I'm not even sure what would cause this error... might have to inspect what kwargs/options OpenAILike is sending to vllm?
What chat engine are you using? Whats your llm setup?
Plain Text
from llama_index.core.chat_engine import SimpleChatEngine
from openai import OpenAI
from llama_index.llms.openai_like import OpenAILike


openai_api_key = "EMPTY"
openai_api_base = "http://localhost:8000/v1"

openai_client = OpenAI(
            api_key=openai_api_key,
            base_url=openai_api_base,
        )
models = openai_client.models.list()
selected_model = models.data[0].id

llm = OpenAILike(
                api_key=openai_api_key,
                api_base=openai_api_base,
                model=selected_model,
                max_tokens=2500,
                is_chat_model=True,
            )

chat_engine = SimpleChatEngine.from_defaults(llm=llm)

chat_engine.chat("Hello")
vllm 0.6.2
llama-index-core 0.11.16
llama-index-llms-openai-like 0.2.0

for the versions
the first request always pass, it's the second one that get the error message for some reason
From simple chat engine πŸ˜… oh boy
you can test the llm directly in this case to remove some ambiguity

Plain Text
from llama_index.core.llms import ChatMessage

llm.chat([ChatMessage(role="user", content="Hello!")])

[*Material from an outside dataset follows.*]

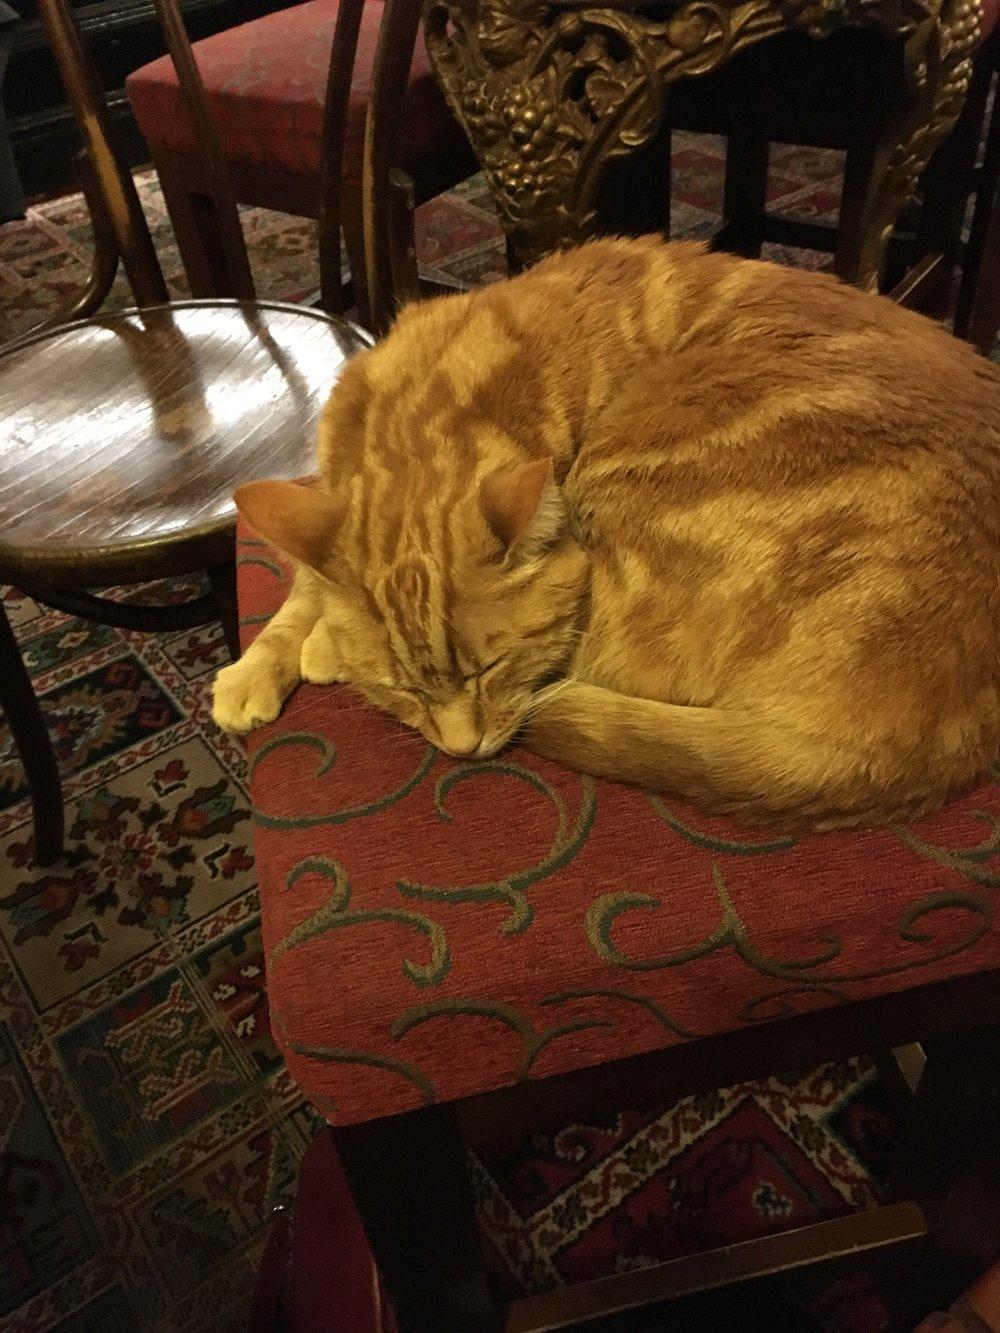 The Alex's pub cat Tommy
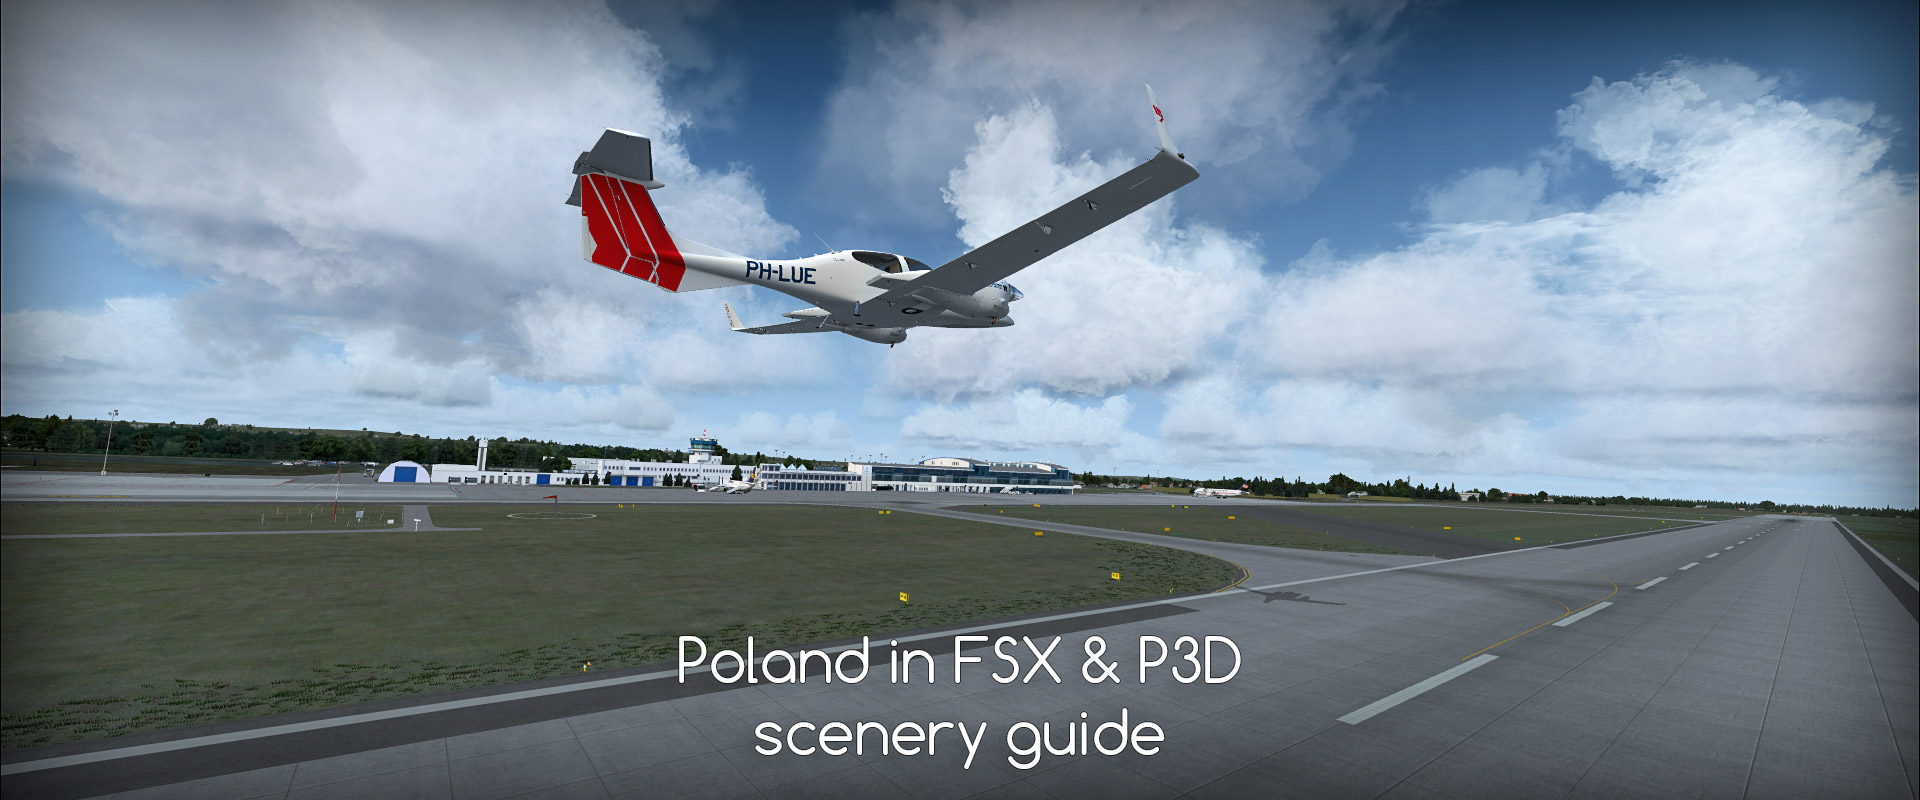 Poland in FSX & P3D - scenery guide

You can see exactly what options openai-like is sending along to your LLM, by checking print(llm._get_model_kwargs())

You may or may not also need to update (or downgrade! I have no idea with vllm) openai and llama-index-llms-openai packages
Probably best to look at the changes vllm has been making lately too... maybe theres some option that needs to be set for the model you are using
Okay thanks, I'll look further into that and I'll let you know if I find anything
with vLLM 0.6.2 this works, but not while using the simple chat engine
Plain Text
from llama_index.core.llms import ChatMessage

llm.chat([ChatMessage(role="user", content="Hello!"),
          ChatMessage(role="assistant", content="Hello!"),
          ChatMessage(role="user", content="Hello!")])
I don't think simple chat engine is doing anything different... lemme check
Plain Text
all_messages = self._prefix_messages + self._memory.get()

chat_response = self._llm.chat(all_messages)
That should be the exact same thing πŸ˜…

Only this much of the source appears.